> YOUR ASSIGNMENT
Starting at the line that contains "Bone was one", output each line exactly as written through the end of the listing below, but leave out the pictures.
━━━━━━━━
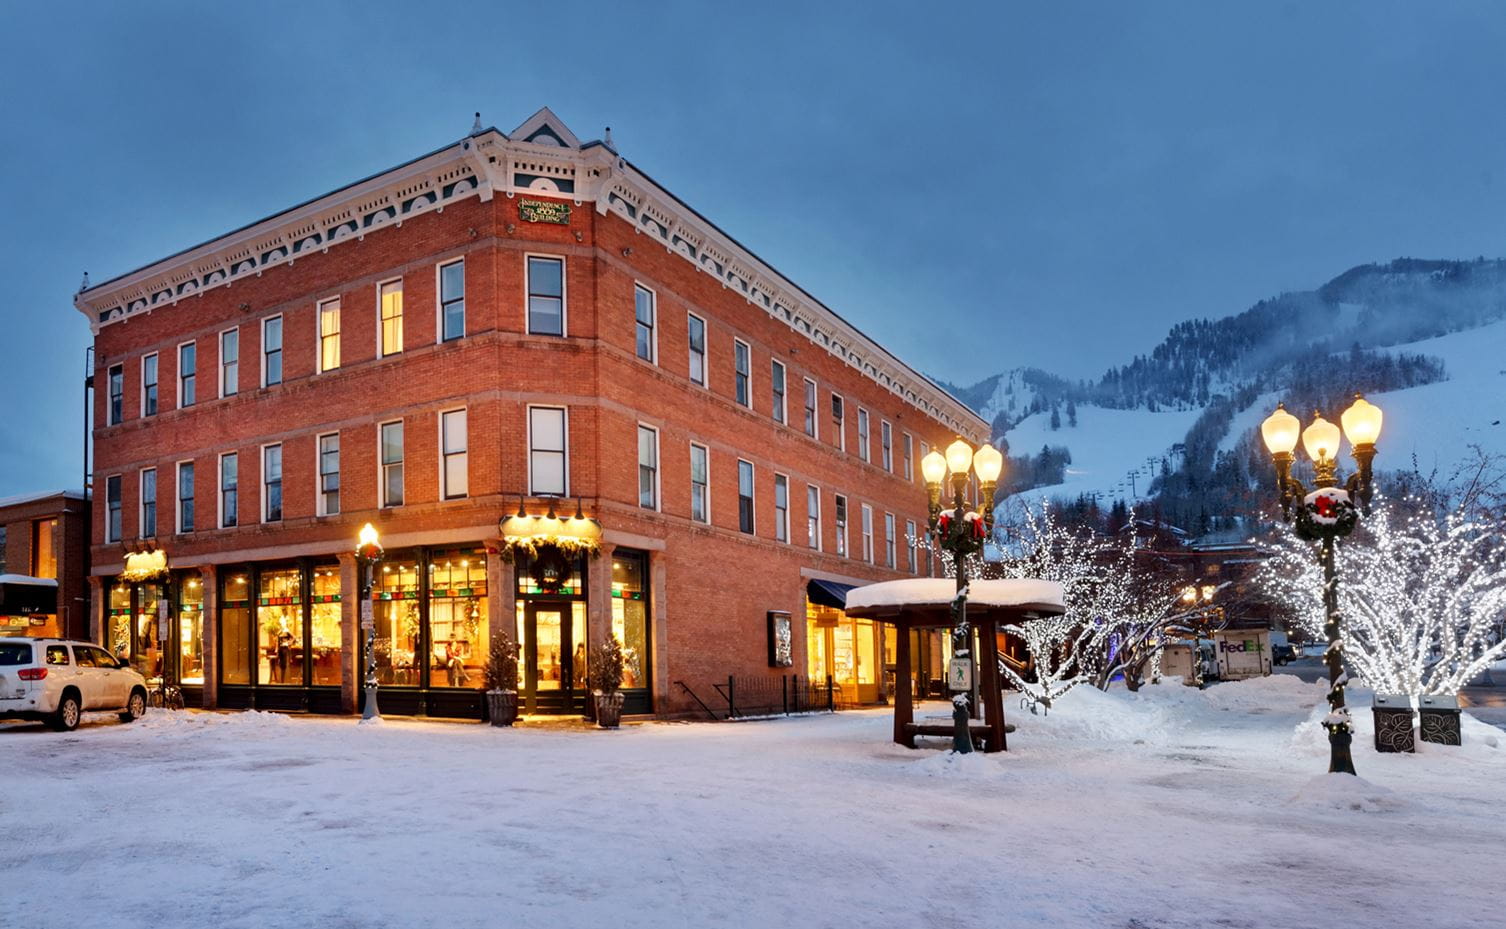 Independence Square Hotel in Aspen, CO by Frias Properties
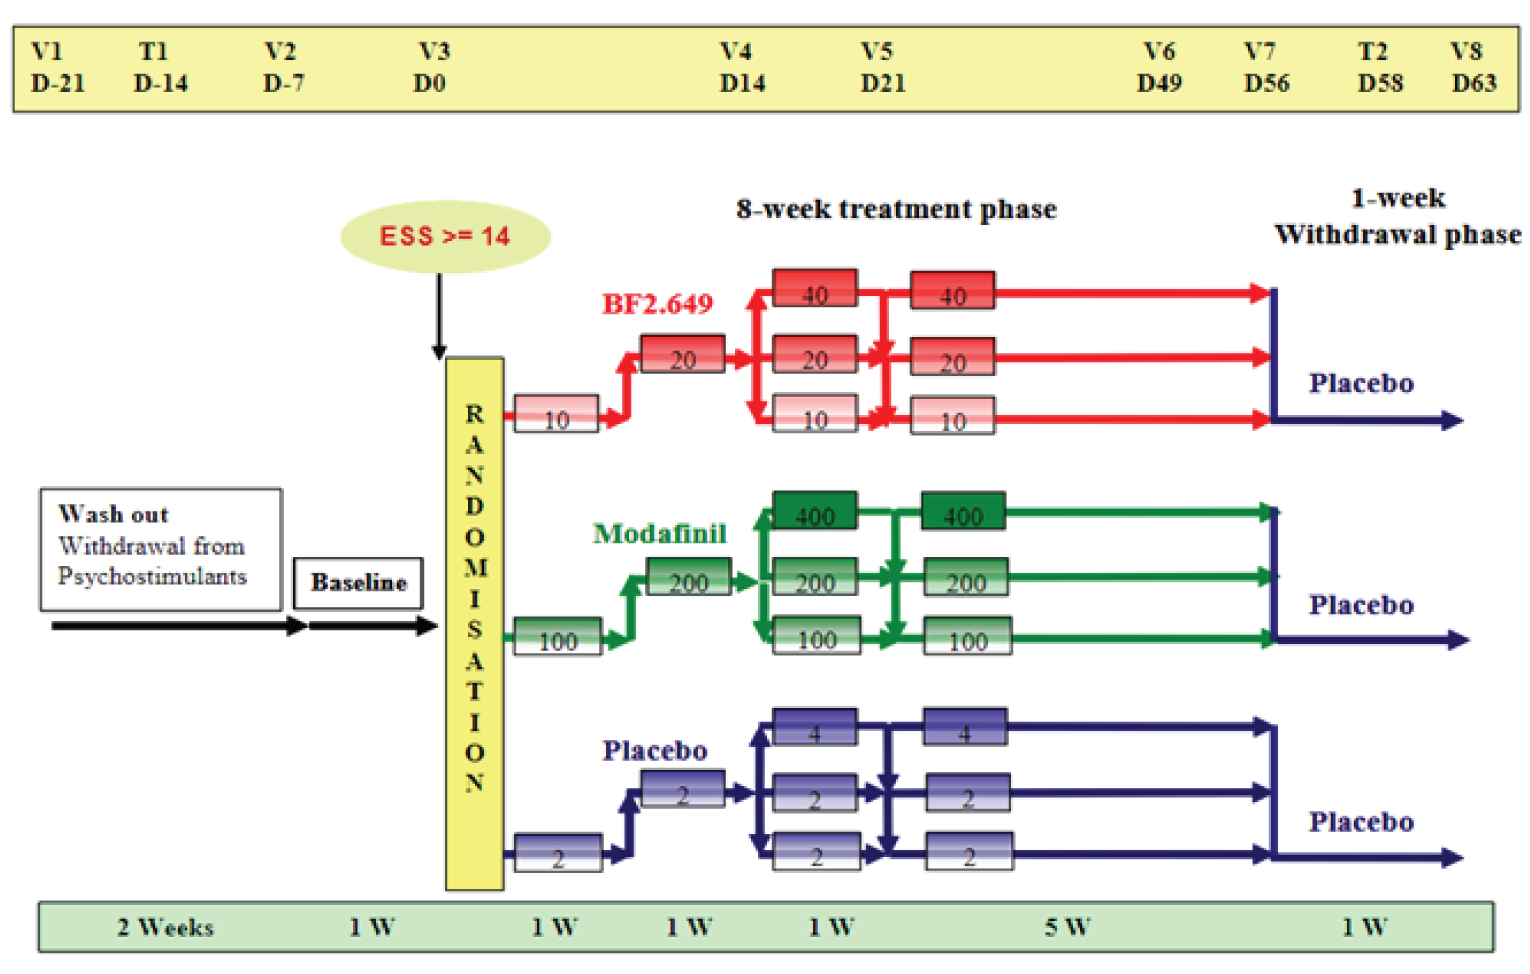 The flow of pitolisant hydrochloride, modafinil, or placebo dosage received by patients in the HARMONY 1 trial is demonstrated, from randomization to the end of study. Patients underwent dose titration for 3 weeks and a final 5-week maximum dose period (highest dose reached and tolerated). The treatment period was followed by a 1-week withdrawal period, during which all patients received placebo.
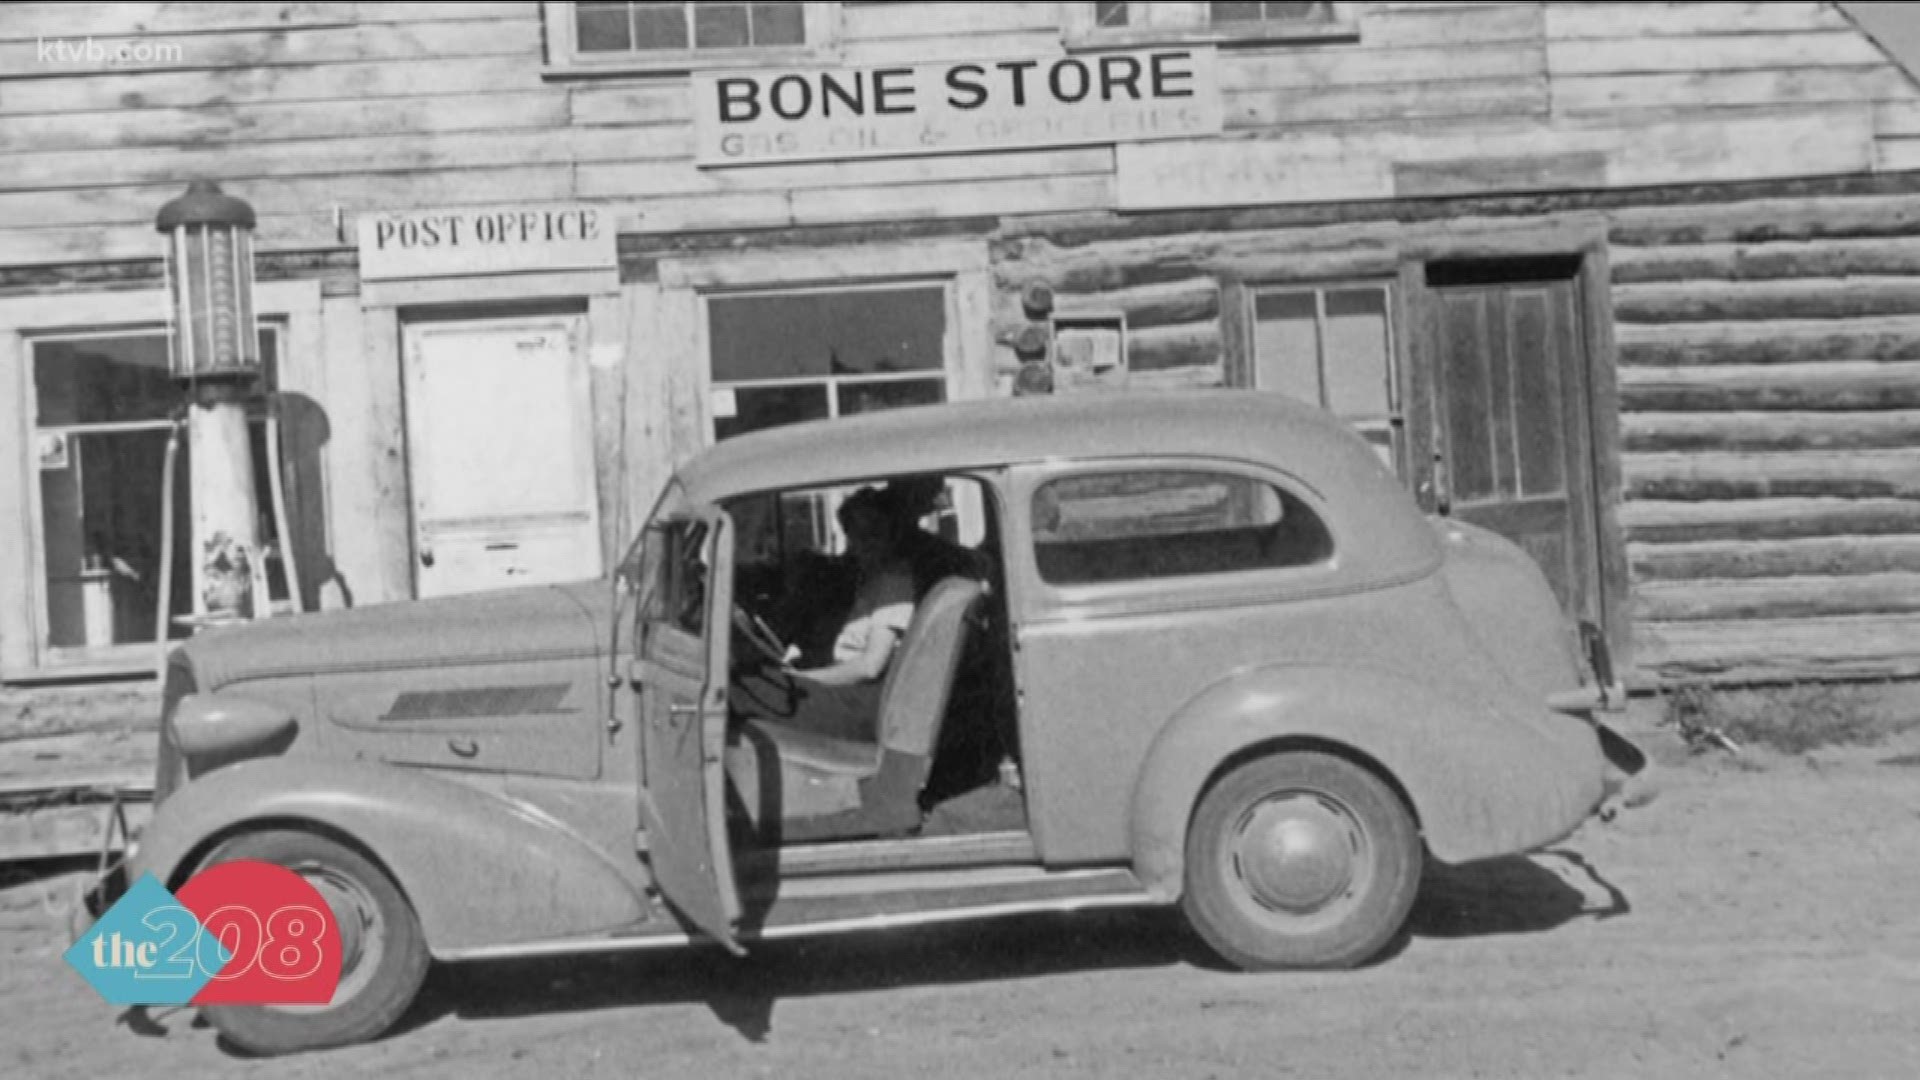 Bone was one of the last cities in the country to get phone service in the 1980s.
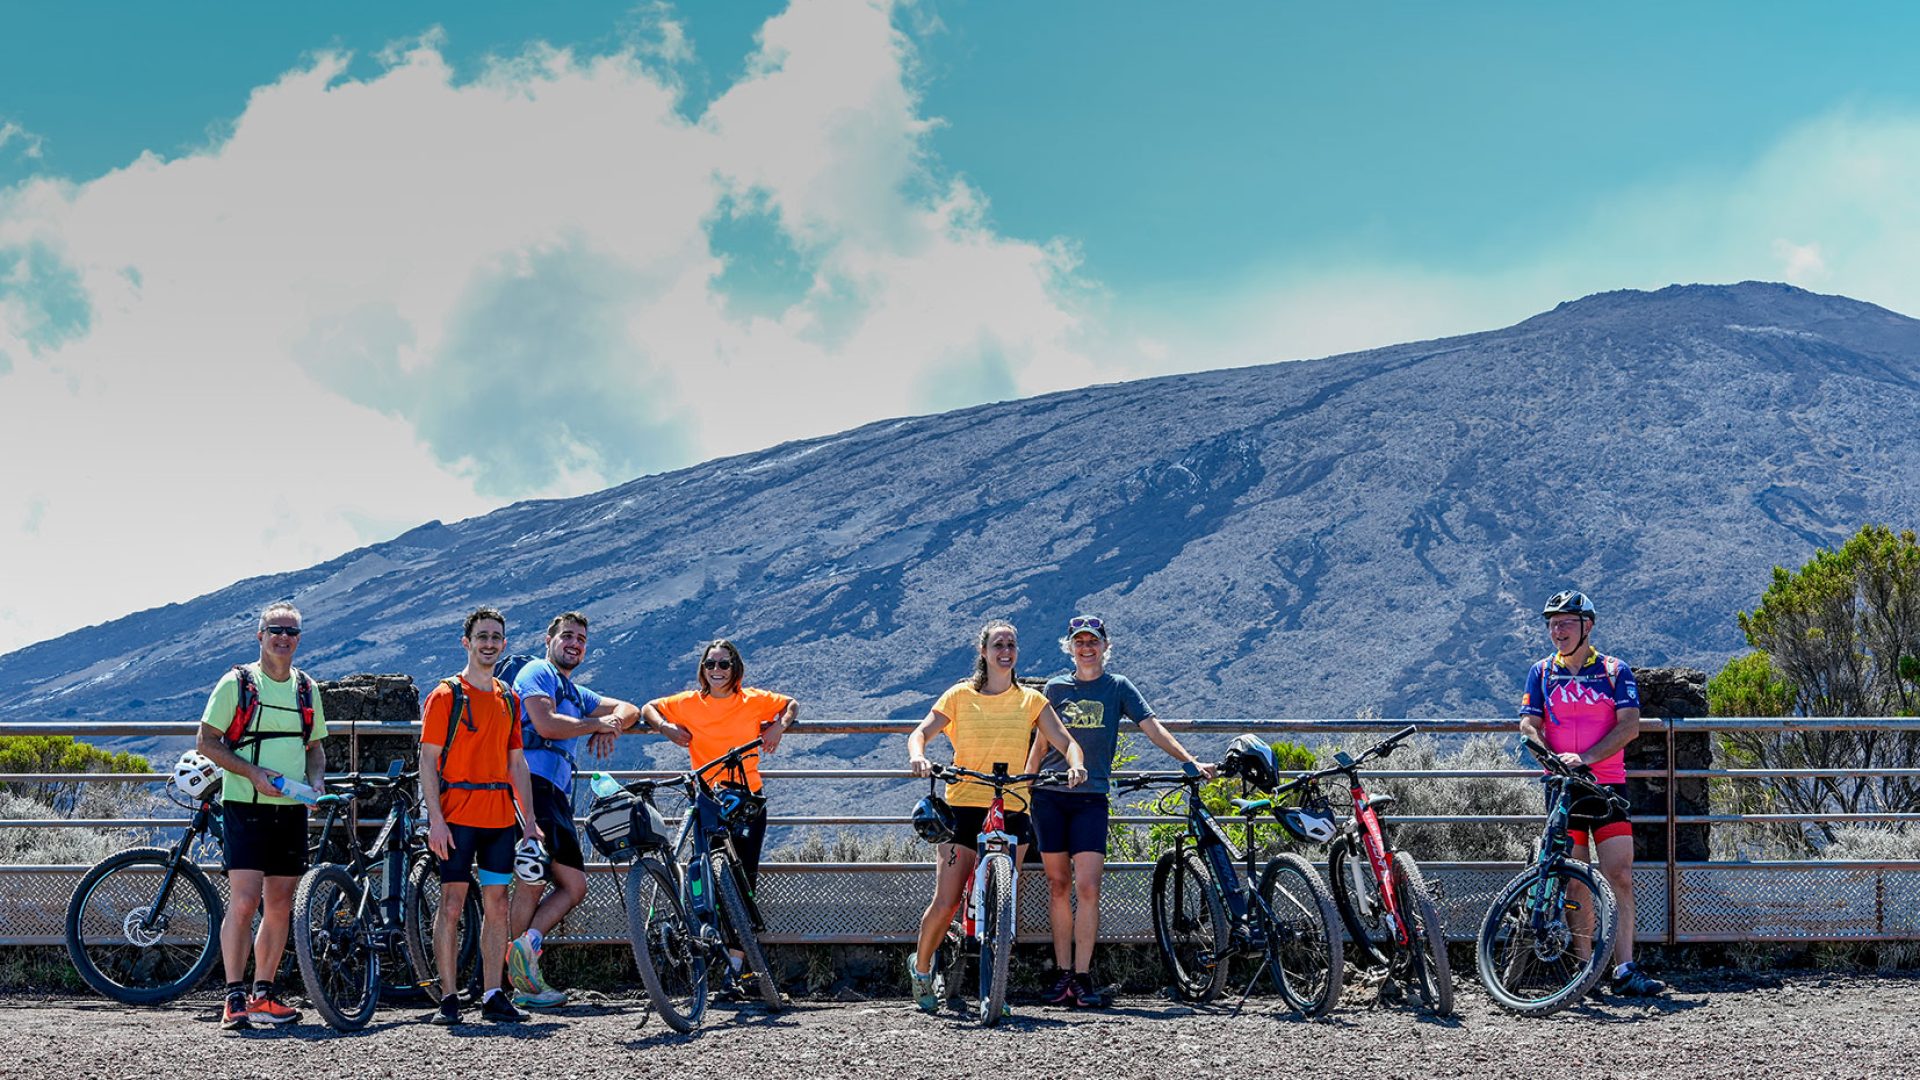 Hikers cycling in front of the Piton de la Fournaise volcano
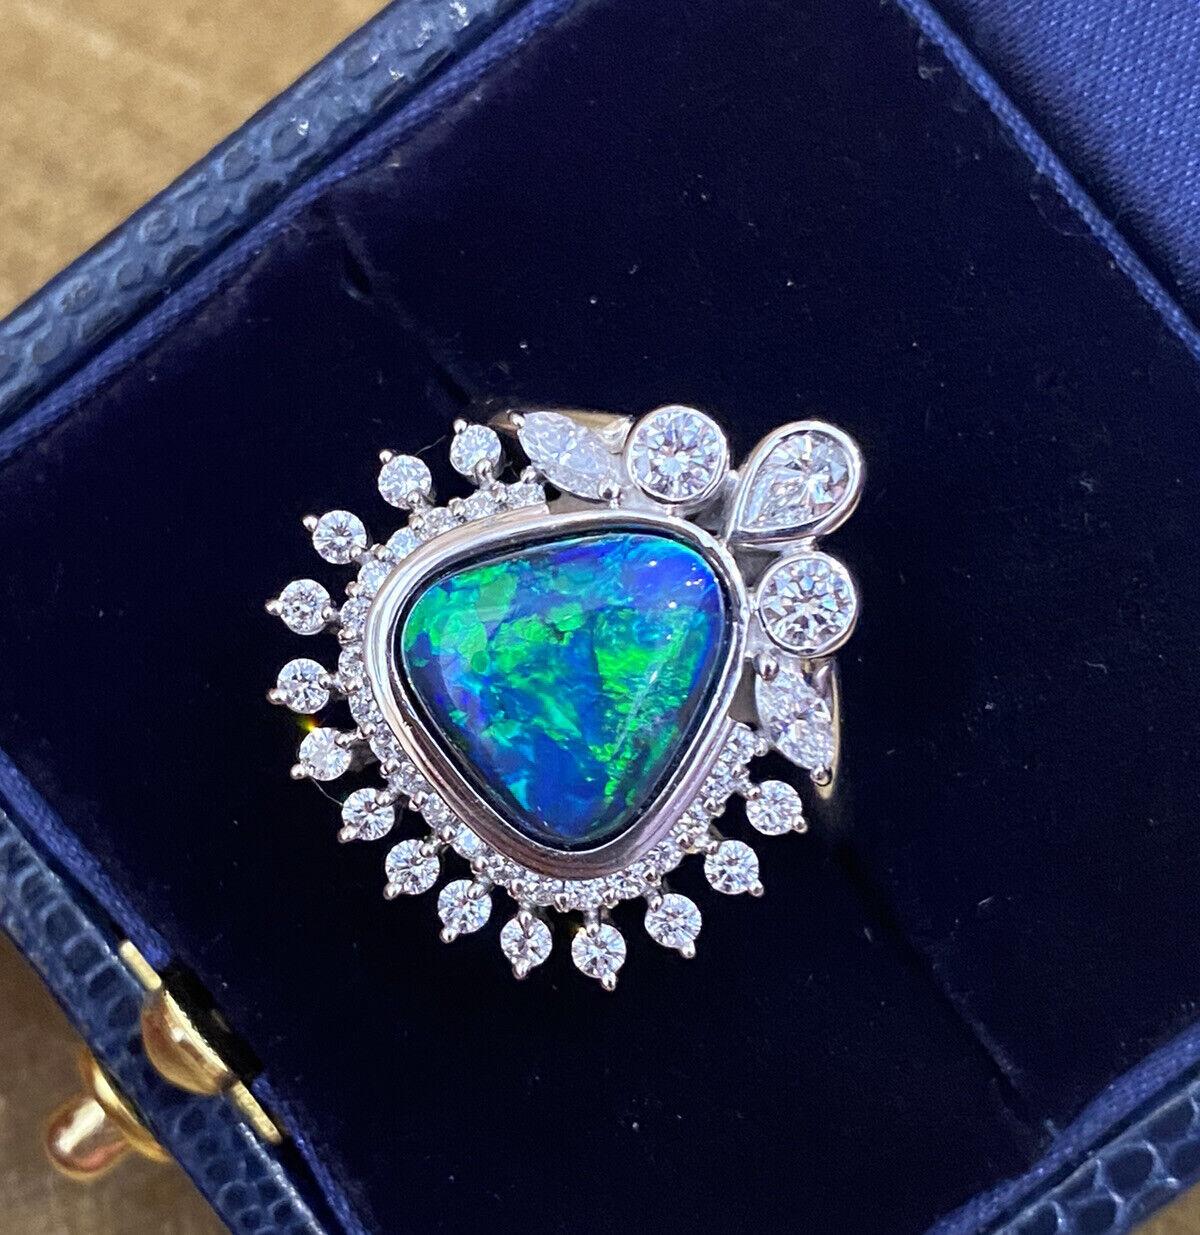 4.23 Carats Black Opal and Diamond Ring in Platinum 

Black Opal and Diamond Ring features a 4.23 carats, with beautiful blue, green, yellow coloring. 
Black Opal bezel-set in the center, surrounded by a halo of Round Diamonds and a second halo of
━━━━━━━━
> THE ANSWER
 Bone was one of the last cities in the country to get phone service in the 1980s.
 Hikers cycling in front of the Piton de la Fournaise volcano
 4.23 Carats Black Opal and Diamond Ring in Platinum 

Black Opal and Diamond Ring features a 4.23 carats, with beautiful blue, green, yellow coloring. 
Black Opal bezel-set in the center, surrounded by a halo of Round Diamonds and a second halo of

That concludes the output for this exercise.